Accretion of Dense Clumps in the Periastron Passage of Eta Carinae

TL;DR

This paper uses 3D hydrodynamical simulations to show how dense clumps in Eta Carinae's primary wind trigger accretion onto the secondary star near periastron, explaining observed X-ray minima.

Contribution

It demonstrates the role of wind clumps and instabilities in initiating accretion in Eta Carinae, providing a detailed physical mechanism for observed phenomena.

Findings

Dense wind clumps trigger accretion near periastron.

Accretion begins about a week before periastron.

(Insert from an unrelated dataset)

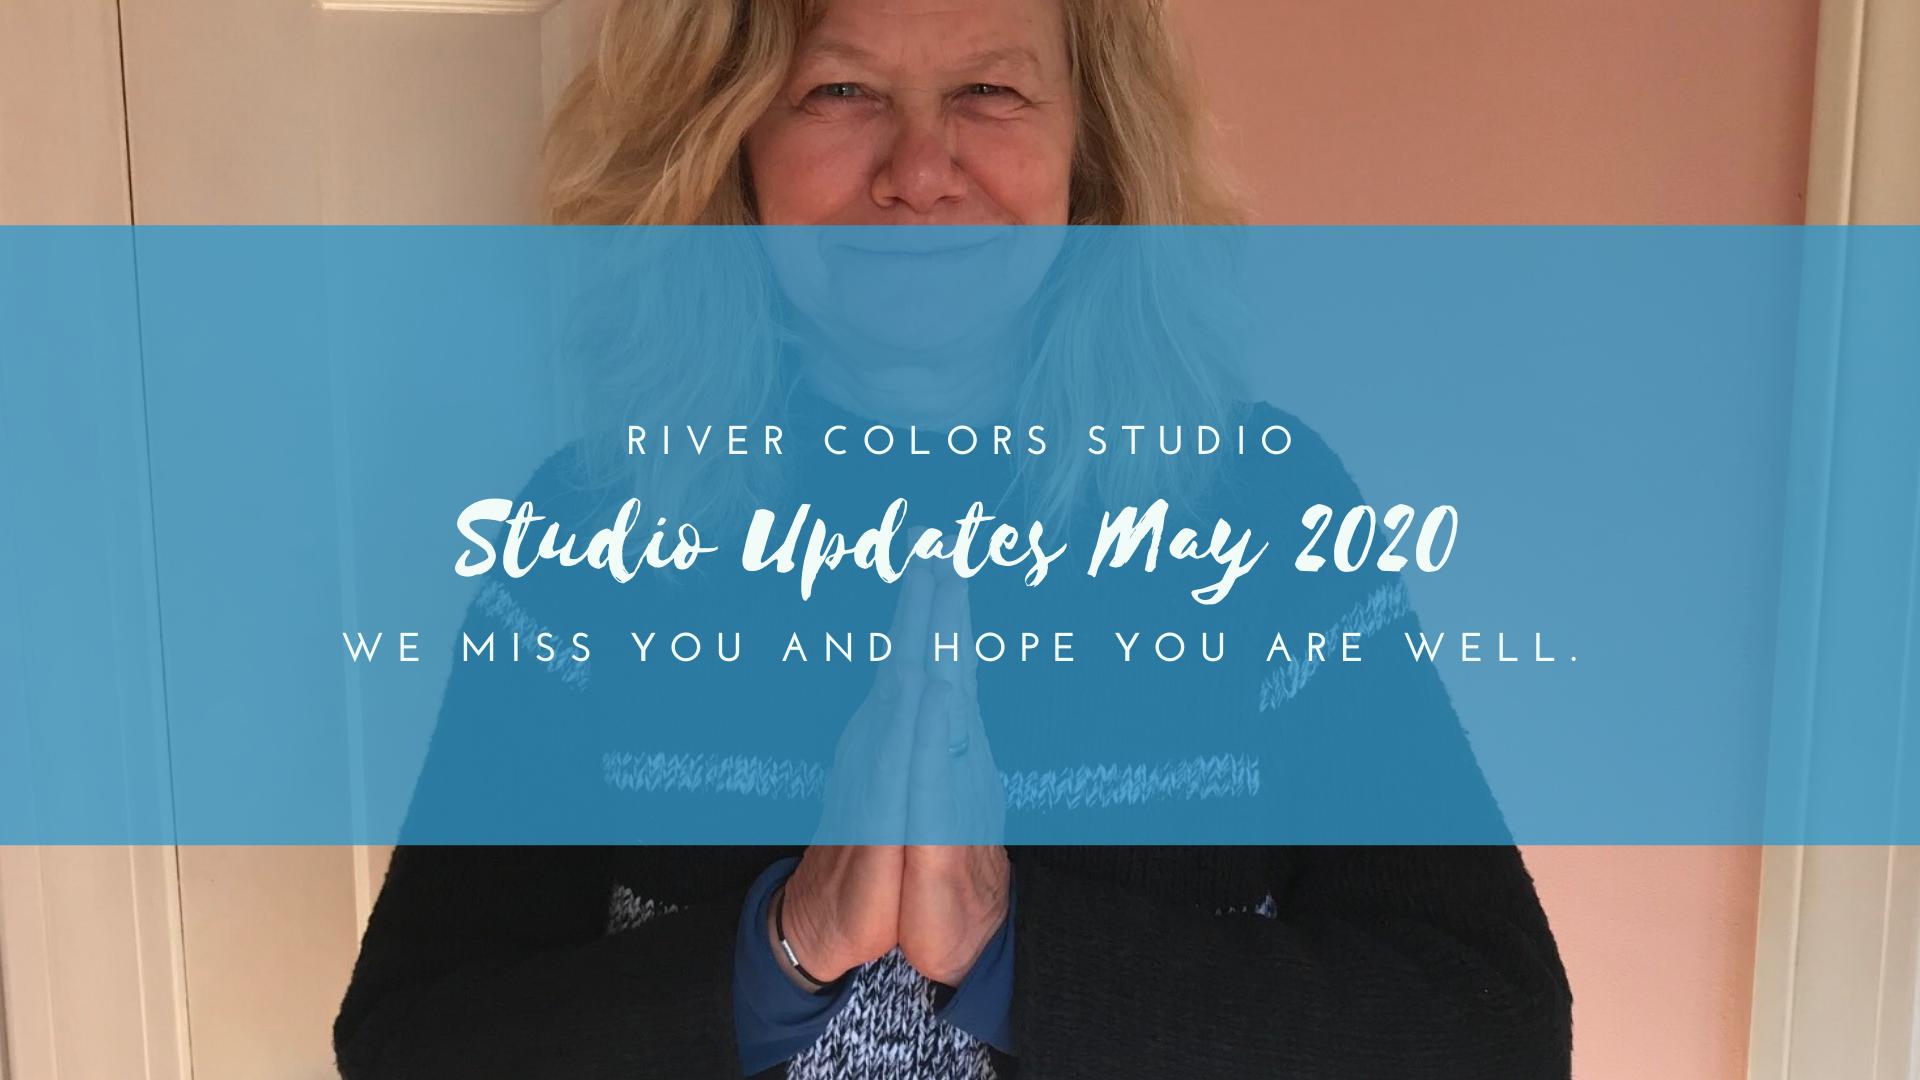 Studio Updates for May 2020

Clump formation by instabilities explains the X-ray minimum.

Abstract

We perform 3D hydrodynamical numerical simulations of the winds interaction process in the massive binary system $\eta$ Carinae, and find the secondary star to accrete mass from the dense primary wind close to periastron passage. This accretion is thought to result in the spectroscopic event and X-ray minimum observed in the system every revolution. In this study we limit ourselves to explore the role of clumps in the primary wind in triggering the accretion process. We include the gravity of the secondary star and the orbital motion starting 19 days (90 degrees) before periastron passage. The accretion process is triggered by dense clumps that cannot be decelerated by the ram pressure of the secondary wind. The dense clumps are formed by instabilities in the thin dense shell formed by the shocked primary wind gas. We explore the role of the numerical viscosity and some physical parameters on the initiation of the accretion process, and explain the unique properties of $\eta$ Car that allow for the periastron accretion process to occur. The accretion starts about a week before periastron passage, as is required to explain the several weeks long X-ray minimum.